Students protest School of Engineering and Applied Sciences partnership with defense contractors
Young Democratic Socialists of America protests, some SEAS students oppose
Students marched to Davis Hall Friday demanding the School of Engineering and Applied Sciences end its partnerships with Lockheed Martin and Northrop Grumman.
Lockheed Martin and Northrop Grumman are two of SEAS’ 11 gold partners and manufacture defense technologies.
Twenty students, including Young Democratic Socialists of America members and engineering students, gathered in the Student Union lobby before walking to Davis Hall to protest the partnerships. SEAS accepts money from these companies, which use UB to recruit students for internships and jobs.
Lockheed Martin weapons were used in the Feb. 21 Yemen bus bombing which killed over 40 people, with at least 29 victims under 15 years old, according to The Guardian. YDSA said Northrop Grumman raised “billions” from its arms deals with the U.S. military and Saudi Arabia. According to its website, Northrop Grumman is “heavily involved in the training and development of Saudi military personnel” and has sold the F-5 Tiger tactical fighter jet (1971), among other things, to Saudi Arabia.
YDSA condemned both companies as protesters chanted “UB kills babies” and “A better world is possible” while marching to SEAS Interim Dean Rajan Batta’s office with signs reading “Don’t worry –– they won’t drone-strike your kids!” and “UB takes blood money.” Six students from SEAS opposed YDSA, saying many companies, including Apple and Google, currently have or have had contracts with the Department of Defense.
Batta wrote in an email that the two companies also participate in “non-defense related work.” The engineering program relies on the companies’ support, along with support from alumni and other foundations, for students to receive a “well-rounded education,” according to Batta.
“Such gifts and sponsorships help make possible an array of programs that enhance the student experience,” Batta wrote. “For example, [Engineering Partnership Program] funds help support student clubs, STEM education, experiential learning and efforts to prepare our students for a wide range of careers.”
Timothy Dunn, a senior political science major and YDSA secretary, said the two companies promote “imperialism” through “lobbying” and “building and selling” bombs, and students should avoid working for them.
“An engineering degree or any degree from the school can get you jobs at hundreds of different companies,” Dunn said. “You don't have to choose to work for a company that builds bombs, or sells bombs and kills too often.”
Sophia Matla, a junior mechanical and aerospace engineering major, handed out fliers calling YDSA’s argument “hypocritical.” The argument listed various items, including airplanes, remote-operated robots and digital photography, that students likely have used that are maintained by the military.
“Just because they make weapon systems doesn’t mean they’re the ones using it,” Matla said. “So why are they protesting people’s jobs, saying the engineering school shouldn’t accept money from these [companies]?”
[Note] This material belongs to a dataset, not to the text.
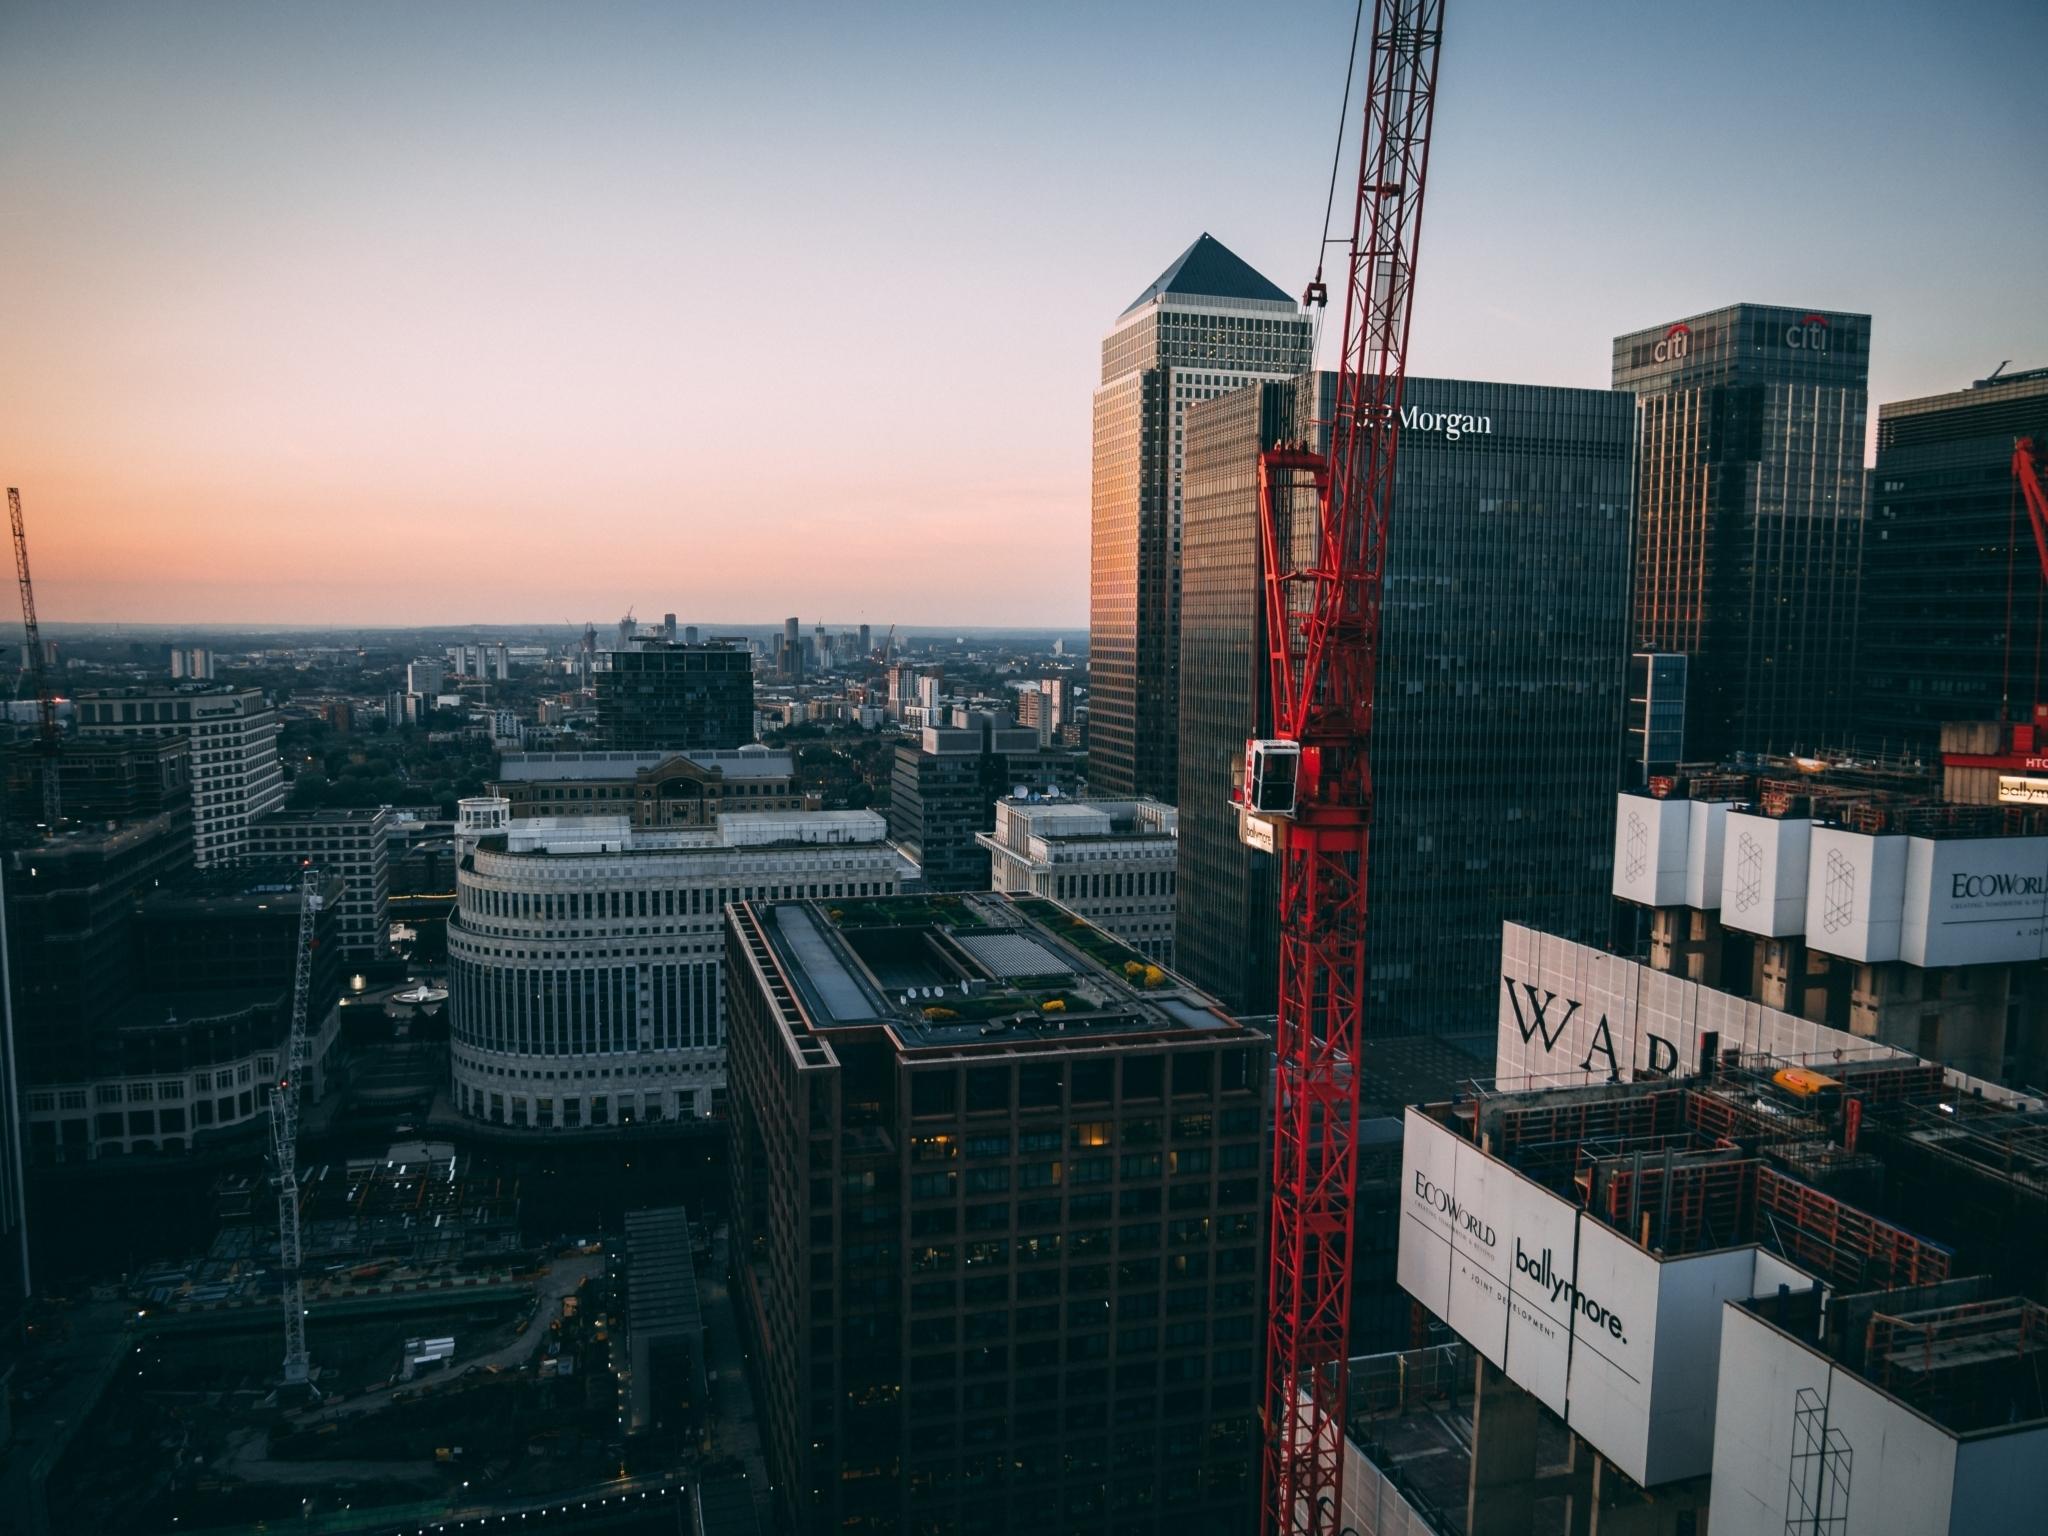 Canary Wharf crane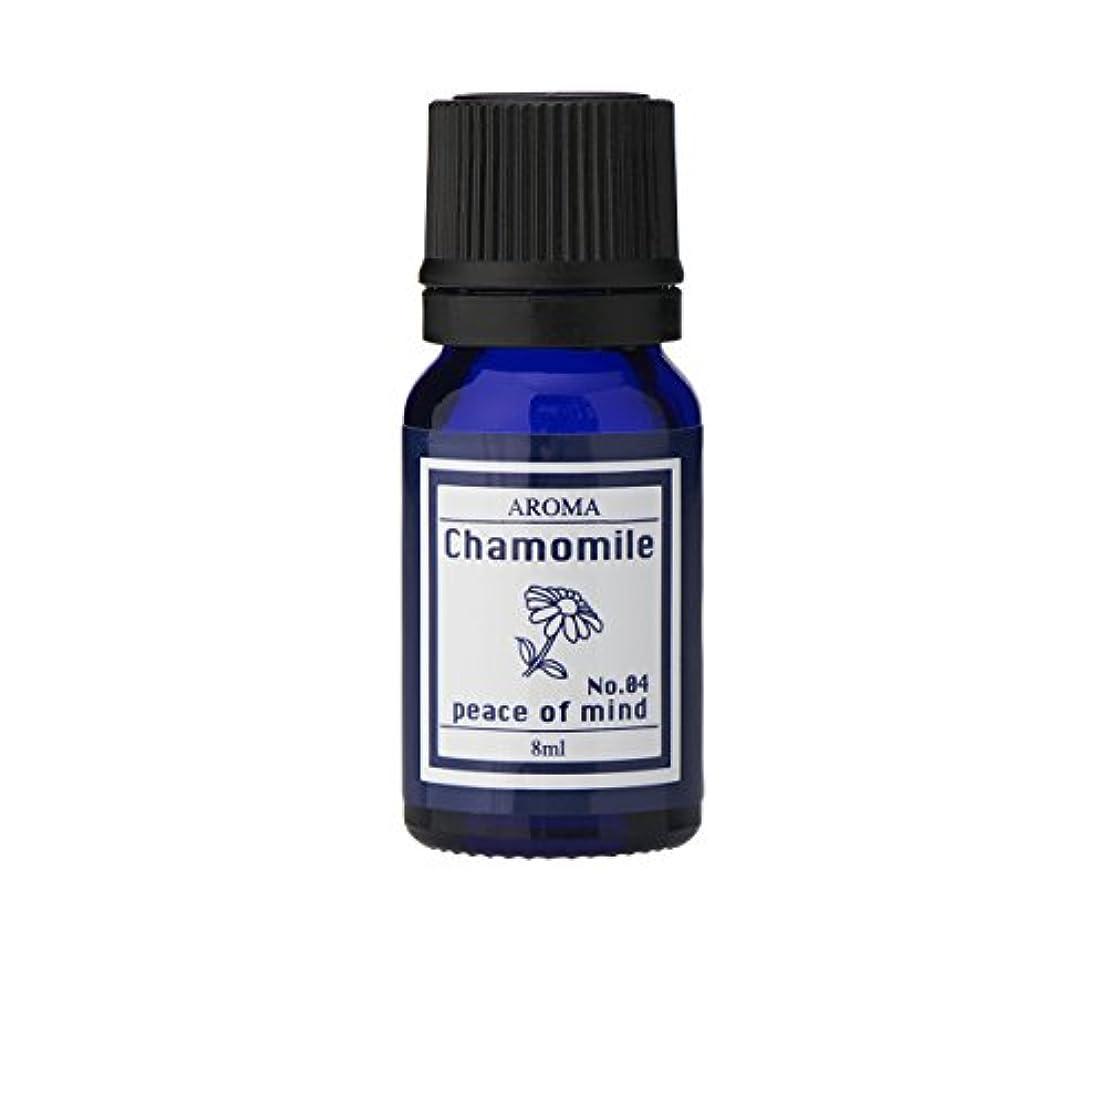 トラブルリフト少なくともブルーラベル アロマエッセンス8ml カモマイル(アロマオイル 調合香料 芳香用)

SEAS’ partners donate to UB each year and receive perks in exchange, including their logo on UB’s website, signs at UB events, access to school and student club events and access to the dean, according to UB’s website.
Ryan Daniels, a sophomore mechanical aerospace engineering major, said he doesn’t believe SEAS and its students are accepting “blood money” or are war criminals for partnering with defense contractors. He said if SEAS didn’t support these companies, the school would lose a significant amount of funding.
“The problem is that those companies make up a significant portion of SEAS’ budget, and by taking away those companies from our engineering school, we’d be cutting our engineering program down to bare bones –– we wouldn’t be getting a quality education anymore,” Daniels said. “It would make UB a lot less competitive on the engineering stage.”
Calvin Camodeca-Schmitz, co-chair of YDSA, says UB shouldn’t enable partnerships with these companies and hopes the protest brought the partnerships to students’ attention.
“We hope this kicks off a continued campaign for other groups on campus and they will join us in future campaigns on this issue,” Camodeca-Schmitz said. “We hope engineering students saw this and haven’t considered the defense partnerships before and now they are.”